5. Must have received at least 1 cycle of induction therapy for front-line AML including cytarabine continuous infusion + anthracycline +/- cladribine or etoposide for 1 or 2 cycles, or liposomal cytarabine and daunorubicin (CPX-351), or high dose cytarabine with or without fludarabine, cladribine or clofarabine, > 4 cycles of azacitidine/decitabine or the equivalent experimental therapy (the latter as confirmed by the PI)

6. Cytoreduction allowed with hydroxyurea and/or leukapheresis for up to 14 days prior to D1 of treatment under LCCC1522. Patients must be off hydroxyurea for > 12 hours prior to D1 of treatment under LCCC1522

7. Demonstrate adequate organ function as defined below. All screening labs should be performed within 14 days of D1 of treatment under LCCC1522.

Serum creatinine ≤1.5 X upper limit of normal (ULN) OR Measured or calculated creatinine clearance (GFR can also be used in place of creatinine or CrCl)-- ≥60 mL/min for subject with creatinine levels > 1.5 X institutional ULN Serum total bilirubin ≤ 1.5 X ULN unless due to Gilbert's Disease, hemolysis or leukemic infiltration OR Direct bilirubin ≤ ULN for subjects with total bilirubin levels > 1.5 ULN Aspartate Aminotransferase (AST)(SGOT) and Alanine Aminotransferase (ALT) (SGPT) ≤ 5 X ULN International Normalized Ratio (INR) or Prothrombin Time (PT)- ≤1.5 X ULN unless subject is receiving anticoagulant therapy as long as PT or PTT is within therapeutic range of intended use of anticoagulants or patient has disseminated intravascular coagulation deemed by investigator to be due to leukemia Activated Partial Thromboplastin Time (aPTT) ≤1.5 X ULN unless subject is receiving anticoagulant therapy as long as PT or PTT is within therapeutic range of intended use of anticoagulants or patient has disseminated intravascular coagulation deemed by investigator to be due to leukemia

1. Female subject of childbearing potential should have a negative urine or serum pregnancy within 72 hours prior to receiving the first dose of HiDAC treatment and again prior to D1 of pembrolizumab treatment. If the urine test is positive or cannot be confirmed as negative, a serum pregnancy test will be required.

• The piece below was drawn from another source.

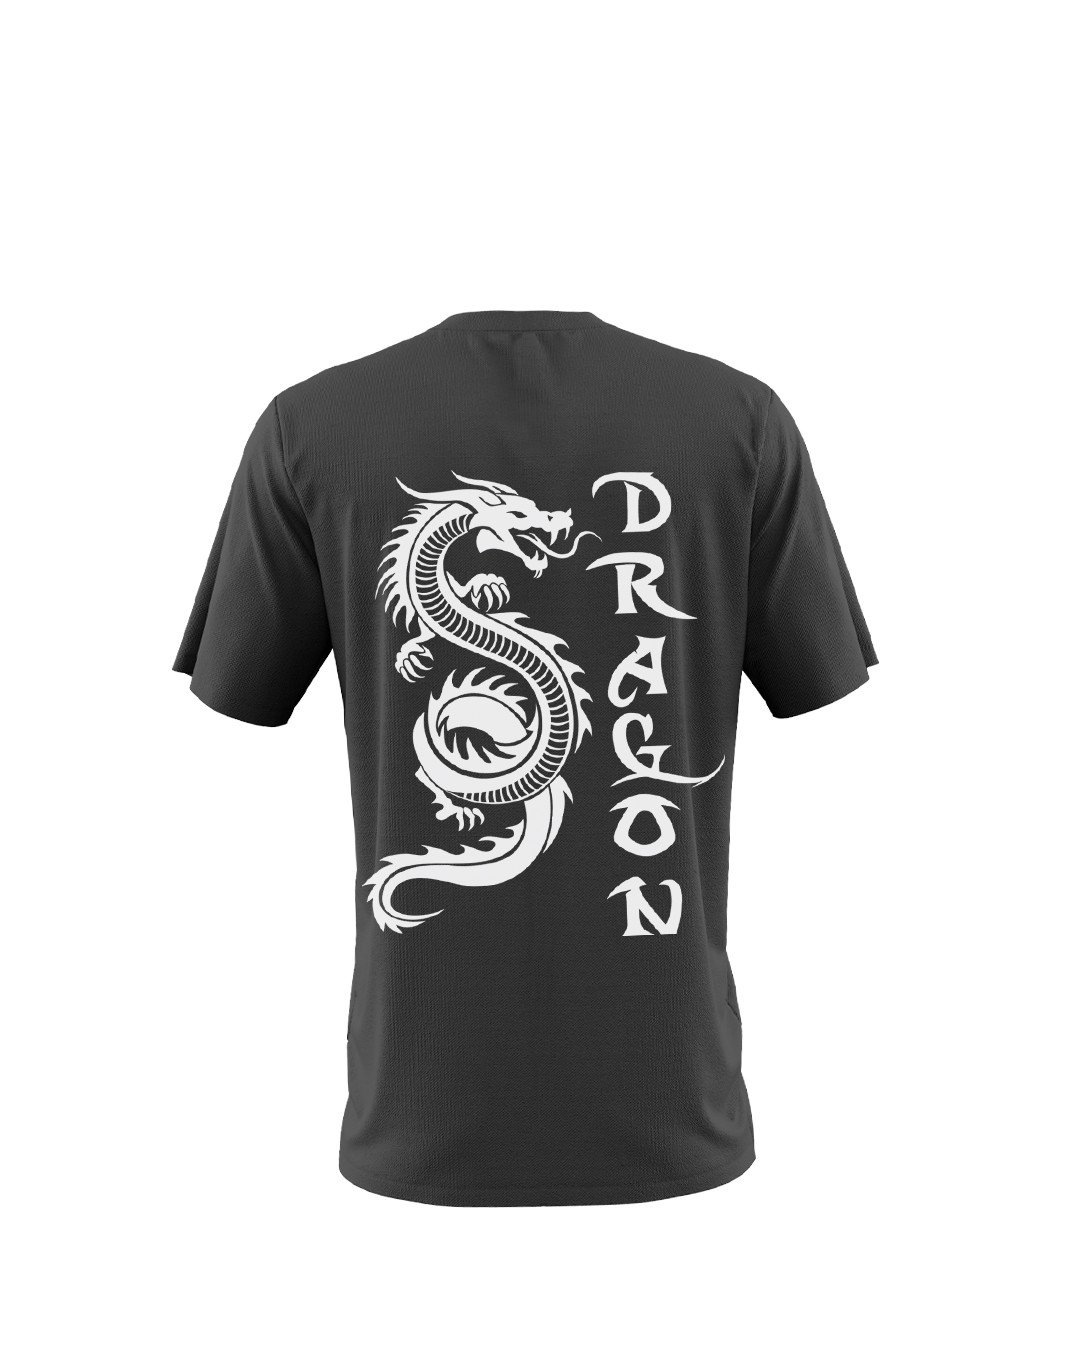 TeesWarrior Dragon Silver Graphic Printed Back Printed Cotton Black T-Shirts
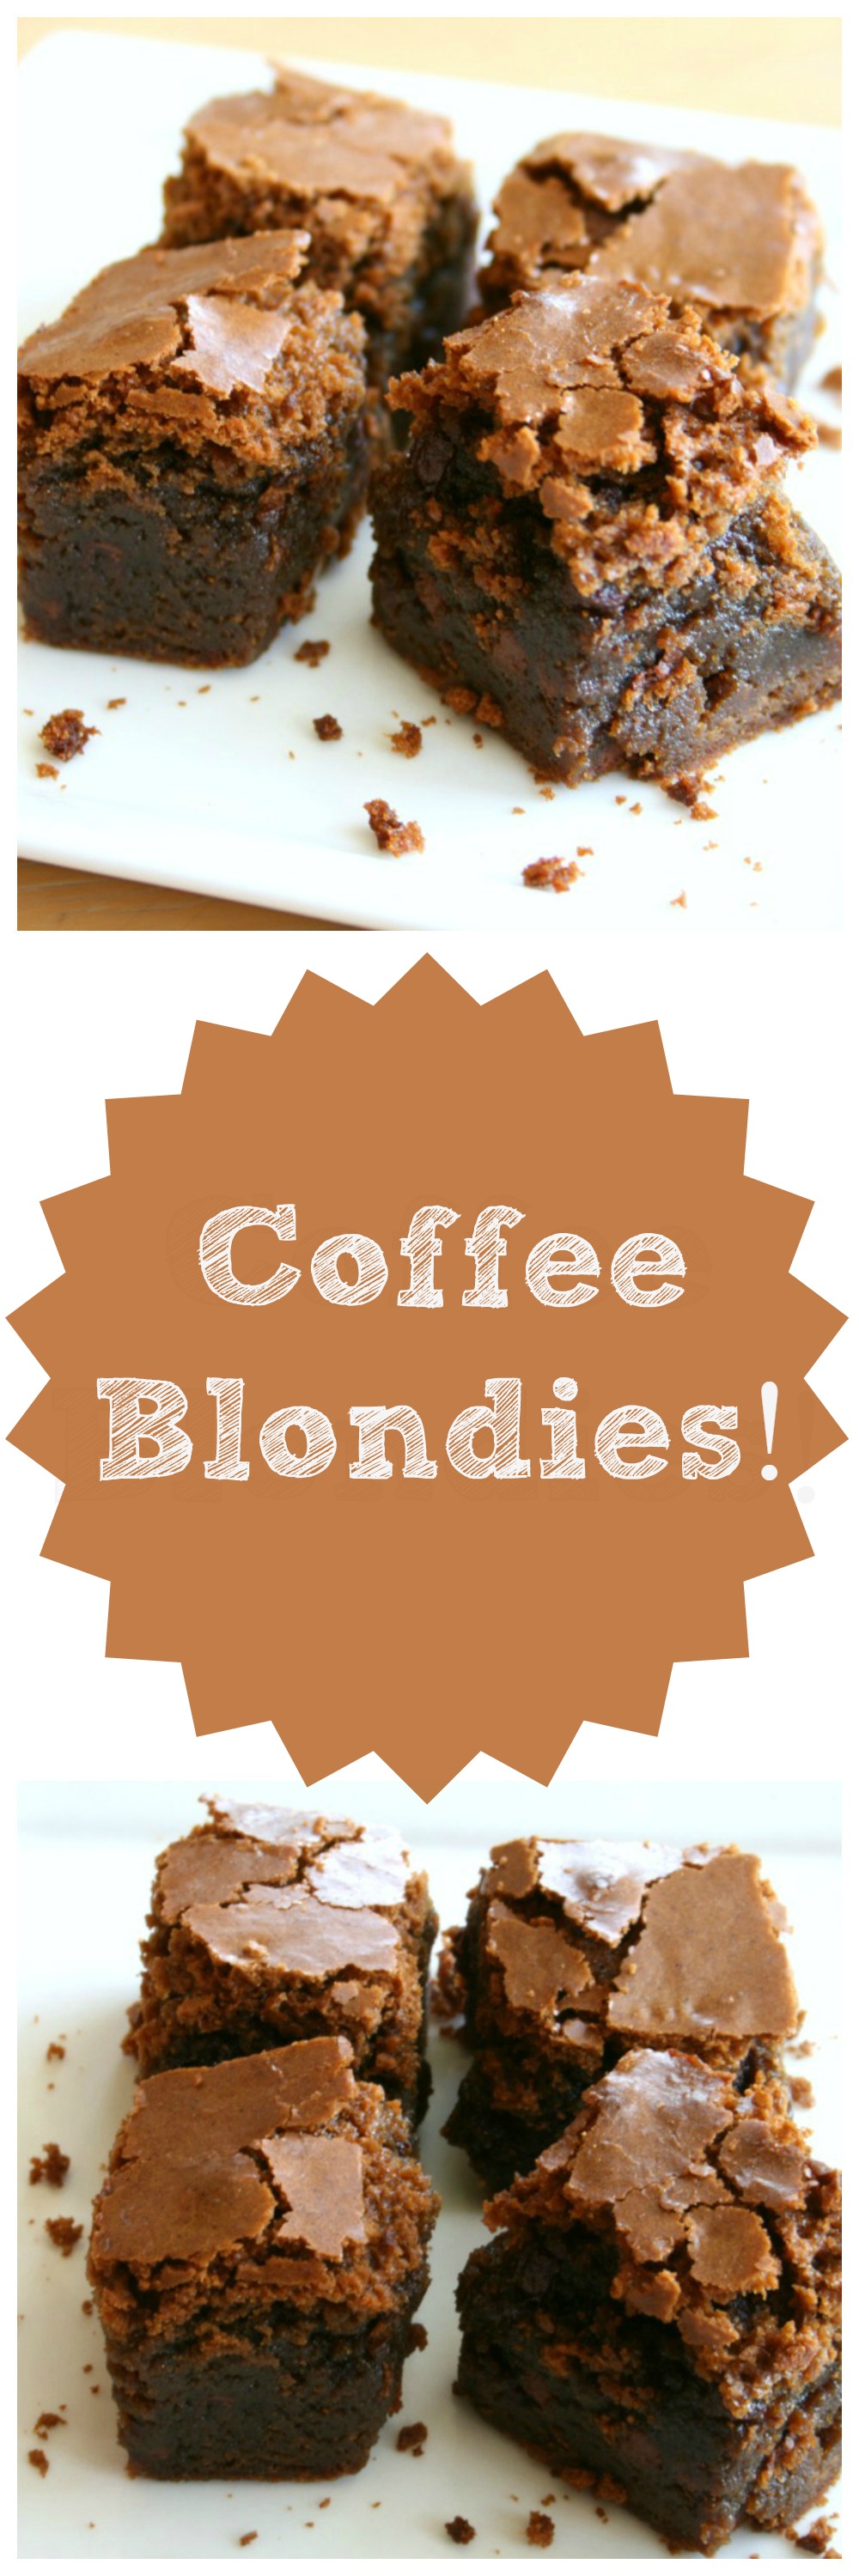 Coffee Blondies photo collage on ShockinglyDelicious

2. Female subjects of childbearing potential should be willing to use adequate method of contraception for the course of the study through 120 days after the last dose of study medication. Subjects of childbearing potential are those who have not been surgically sterilized or have not been free from menses for > 1 year. The two birth control methods can be two barrier methods or a barrier method plus a hormonal method to prevent pregnancy. Subjects should start using birth control from the screening visit throughout the study period up to 120 days after the last dose of study therapy.

Note: Abstinence is acceptable if this is the usual lifestyle preferred contraception for the subject.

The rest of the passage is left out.